The final phase involves taking the built artifact—whether it’s the Python code for a Keras model or the bundled JavaScript for a TF.js model—packaging it into a zip file structured correctly for Azure Functions, and using the azure-sdk-for-go
to upload it and trigger the deployment. The logic is largely boilerplate Azure API calls.

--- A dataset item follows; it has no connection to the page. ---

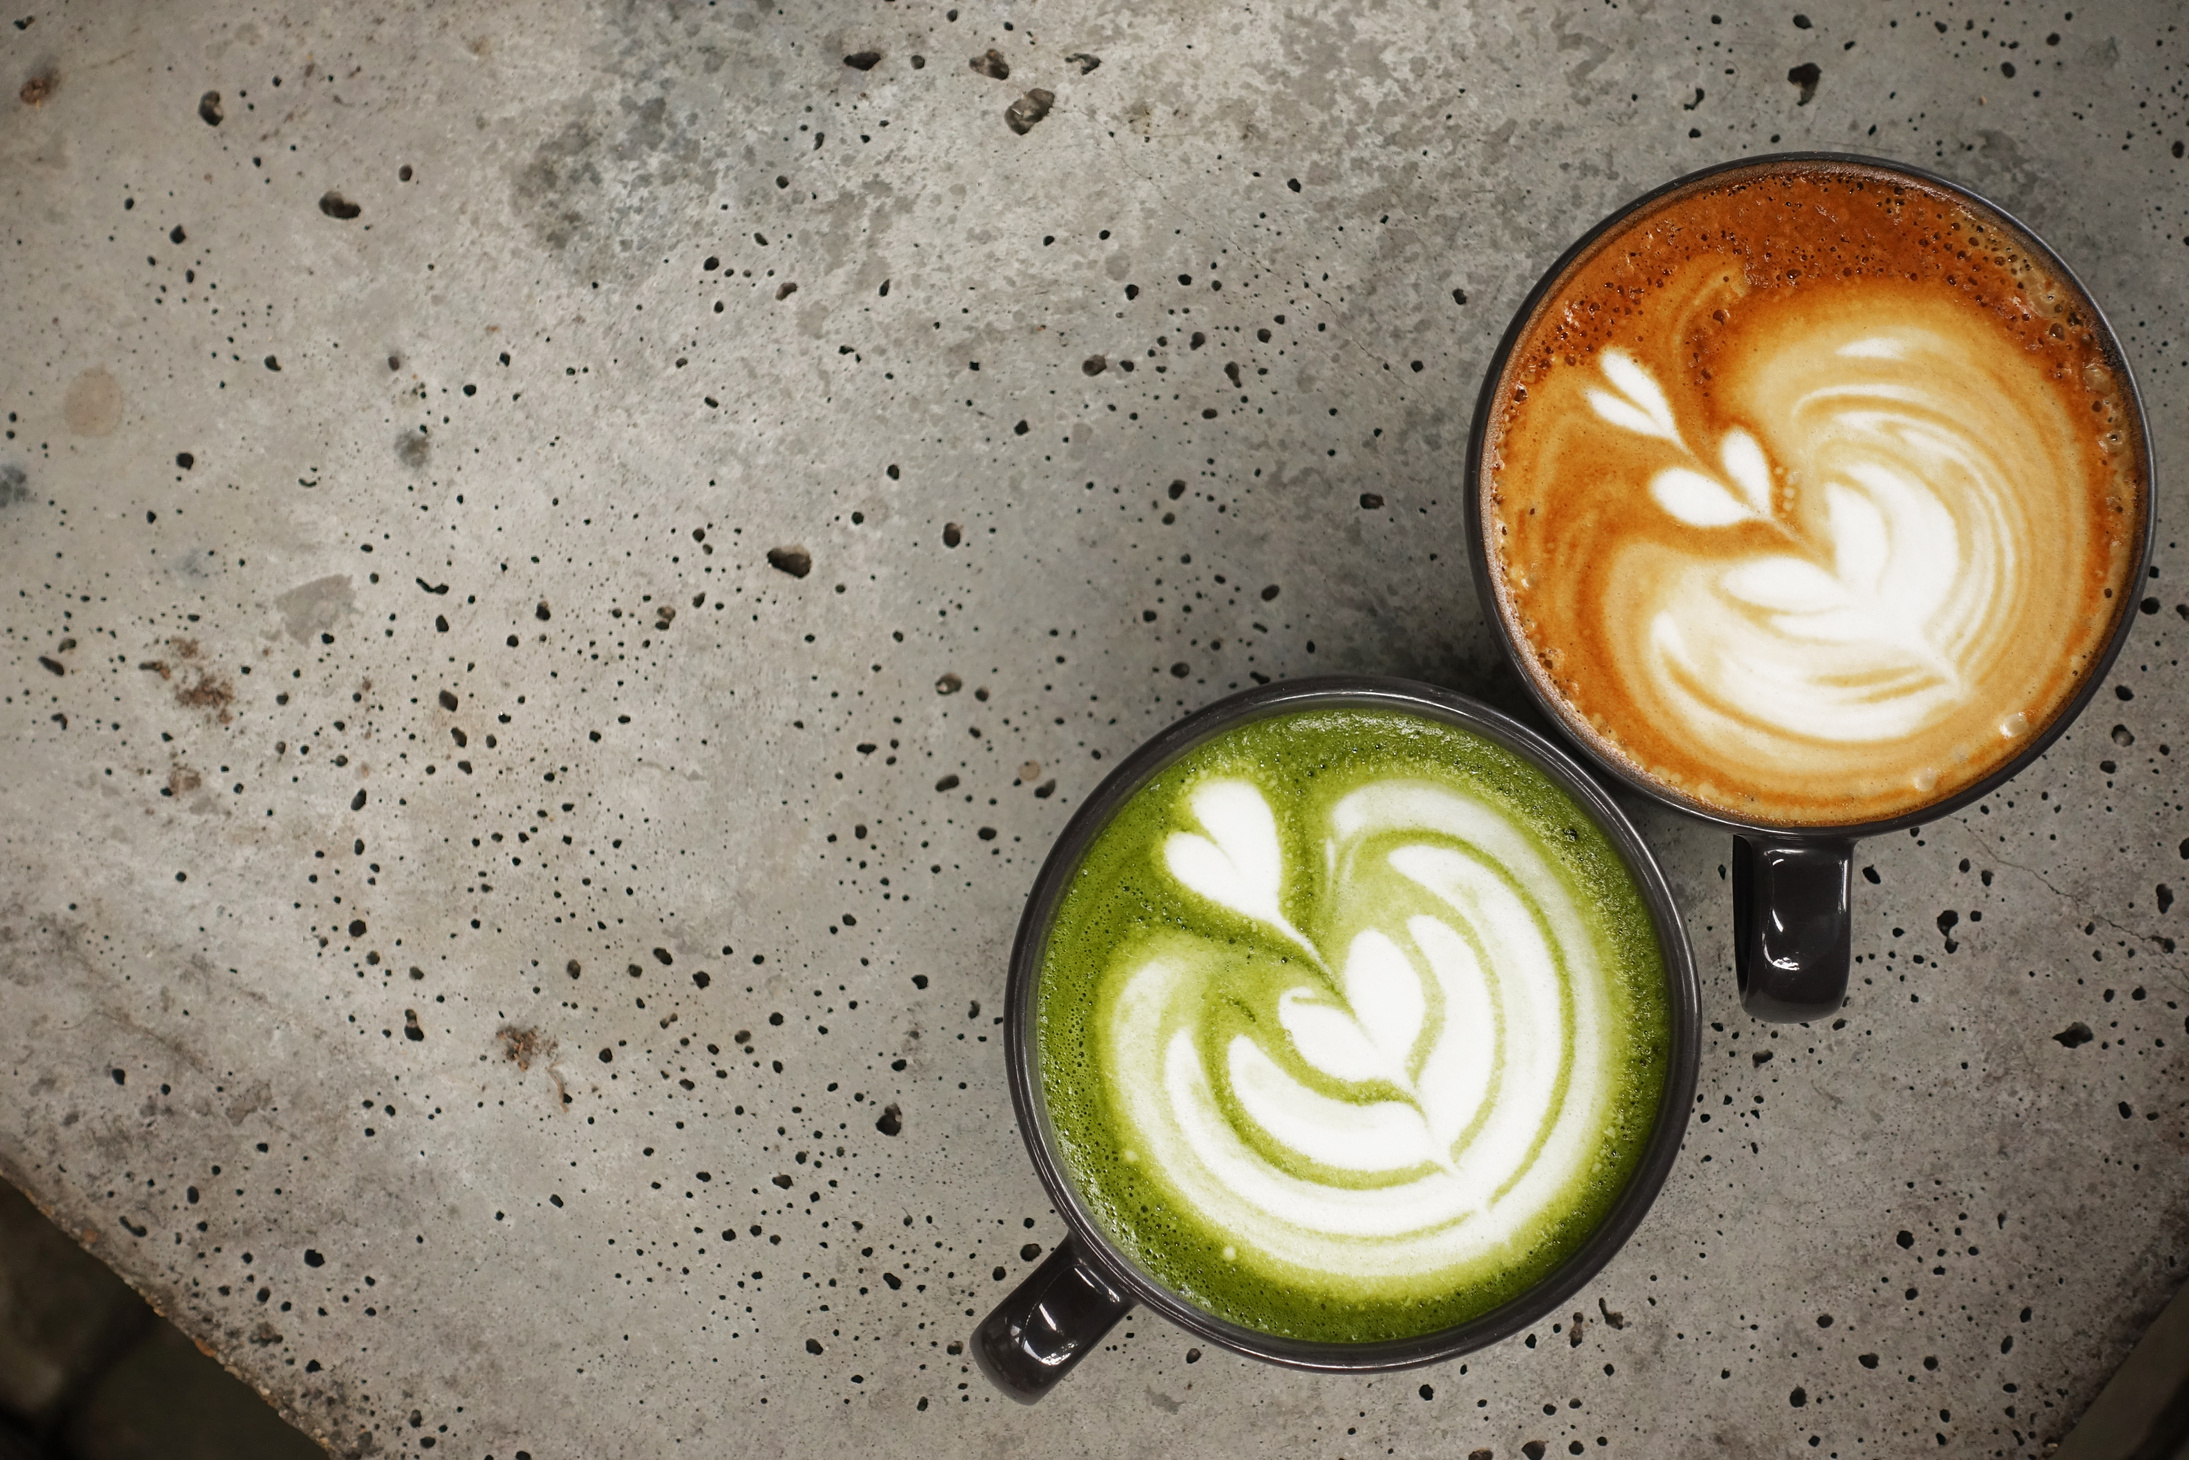 A cup of green tea matcha latte and cup of latte art coffee

This system, born from operational pain, ultimately unified our model deployment strategy. The key was establishing a declarative source of truth in etcd
and building a robust reconciliation engine that could handle the specific build requirements of our polyglot ML environment. The use of Rollup
was not just for a UI, but as an integral part of our backend MLOps pipeline, orchestrated by a Go controller.
The current implementation, however, is not without its limitations. It lacks a leader election mechanism, meaning it can only be run as a single instance, which is a single point of failure. A production-ready version would leverage etcd’s distributed locking primitives to elect a leader among multiple controller instances. Furthermore, the build orchestration is sequential; a more advanced version could parallelize builds for multiple deployments. The error reporting is also basic; surfacing detailed build logs from the container back into the status
field in etcd would be a necessary improvement for debugging failed deployments.